Components and how they interact

As an administrator and user of VirusScan Enterprise, you should be familiar with its components and connections. The following figure shows these components for a basic environment.

Figure 1. VirusScan Enterprise components

Client system

This is where VirusScan Enterprise and optional McAfee Agent are installed and configured.
  • DAT files — Detection definition files, also called malware signatures, work with the scanning engine to identify and take action on threats.
  • Scan engine — Used to scan the files, folders, and disks on the client computer and compares them to the information in the DAT files for known viruses.
    Note: DAT files and scan engine are updated as needed using the Internet connection to McAfee Headquarters, or using the optional connections over the Enterprise Intranet to a designated server.
  • Artemis (Heuristic network check for suspicious files) — Looks for suspicious programs and DLLs running on client systems that are protected by VirusScan Enterprise.
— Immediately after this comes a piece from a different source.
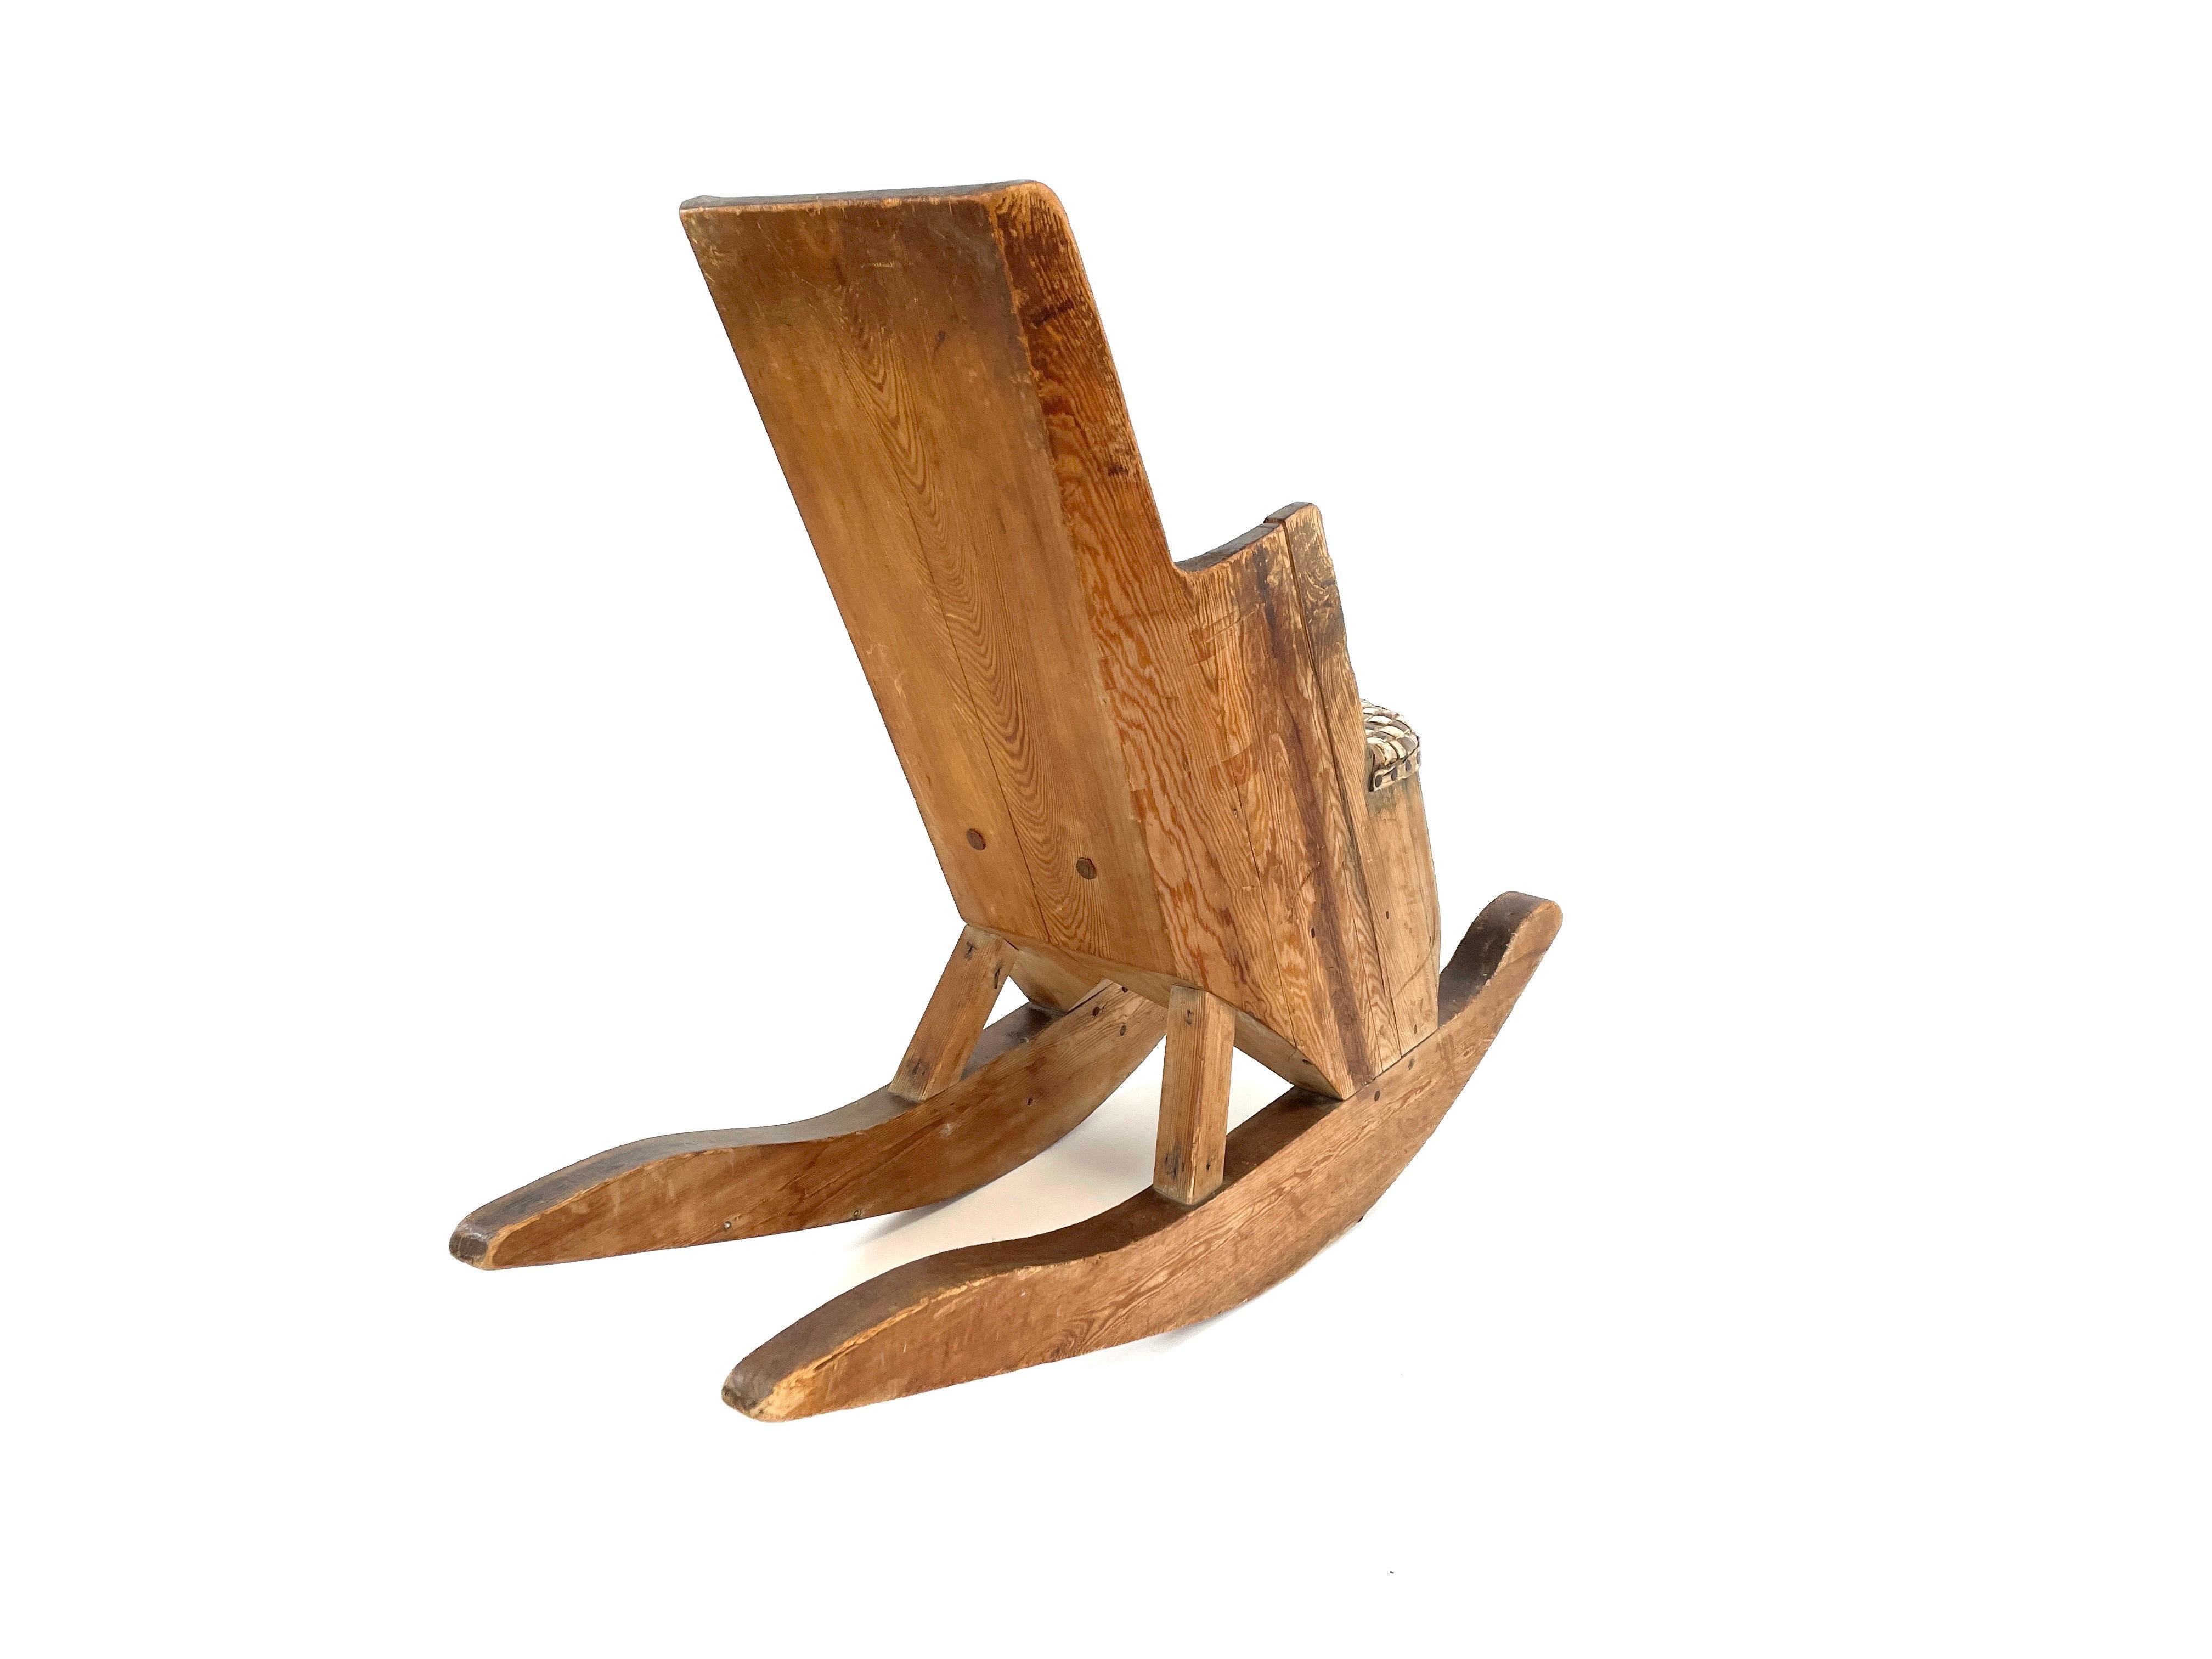 Step back in time with our charming and children's rocking chair, handcrafted in the early 1900s by an unknown talented Finnish artisan. This unique piece showcases Arts & Crafts design, featuring a birch bark seat and its solid condition ensures

When the real-time malware defense detects a suspicious program, it sends a DNS request containing a fingerprint of the suspicious file to a central database server hosted by McAfee Labs.
  • McAfee Agent (optional) — Provides secure communication between McAfee managed products and McAfee ePolicy Orchestrator server. The agent also provides local services like updating, logging, reporting events and properties, task scheduling, communication, and policy storage.

McAfee Headquarters

McAfee Headquarters, home to McAfee Labs and McAfee Technical Support, provides the following VirusScan Enterprise services:

Server

The optional server uses the following components to manage and update many client systems remotely:
  • ePolicy Orchestrator — Centrally manages and enforces VirusScan Enterprise policies, then uses queries and dashboards to track activity and detections.
    Note: This document addresses using ePolicy Orchestrator 4.5 and 4.6. For information about ePolicy Orchestrator, see the product documentation for your version.
  • DAT repository — Retrieves the DAT updates from the McAfee download site. From there, DAT files can be replicated throughout your organization, providing access for all other computers. This minimizes the amount of data transferred across your network by automating the process of copying updated files to your share sites.